At least Discover Bank didn't cut its 10-year CD rate. That remains at 2.50% APY. Discover tends to change this 10-year rate less often than the shorter-term rates, but when it changes, it can be a big drop. For example, before the yield was cut to 2.50% in September, it had been 3.00% for almost a year.

So if you had been holding off opening a CD, these latest rate cuts are something to consider. It's another sign that CD rates continue to trend down.

Rates are holding up better at credit unions. You can see how long-term CD rates at two popular credit unions compare to Discover Bank's 10-year CD in my post Comparing the Best CD Rates After Early Withdrawal Penalties. I think it's likely that we'll see more rate cuts at these credit unions. Police and Fire Federal Credit Union (PFFCU) in Philadelphia had a good explanation in January how they were able to offer such competitive rates and why those rates had to fall. Here are excerpts:

Because our members have more deposits with us than loans, every new dollar deposited in PFFCU is currently added to our investment portfolio.

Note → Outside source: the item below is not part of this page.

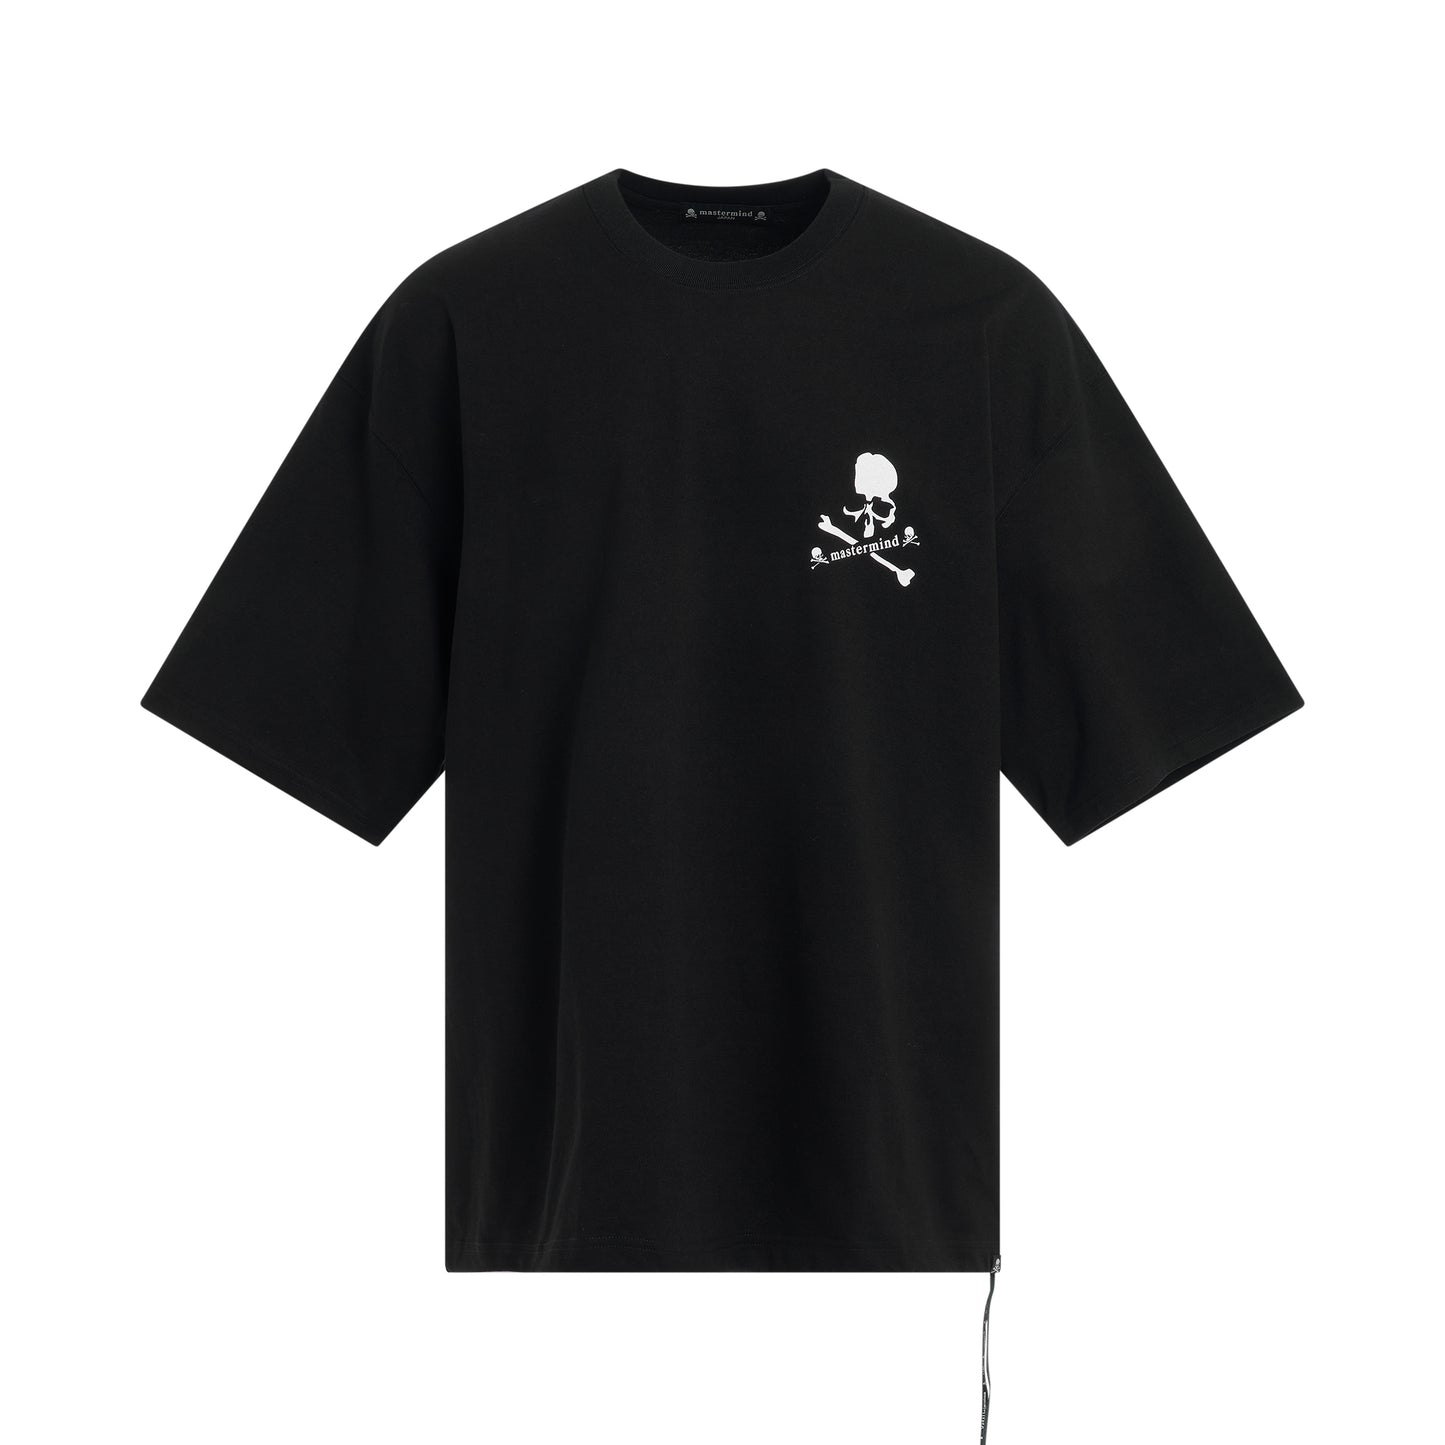 Glow in the Dark Skull Boxy Fit T-Shirt in Black

We are very conservative in our investments, choosing only those investments that have a government guarantee. These guaranteed investments are currently only earning between 0.25% and 1.0%.
[...]
We made investments in 2008 and 2009 that are earning 4%. As these investments mature in 2010 and 2011, we must re-invest this money in the same safe investments discussed above that are only earning 0.25% to 1.0%. Our deposit rates have to reflect what PFFCU can earn on its investment portfolio so that PFFCU remains financially sound.

I believe this explanation is applicable to all banks and credit unions, and it shows why rates may continue to fall when Treasury yields are so low (Current 5-year and 10-year Treasury yields are 0.88% and 1.93% respectively).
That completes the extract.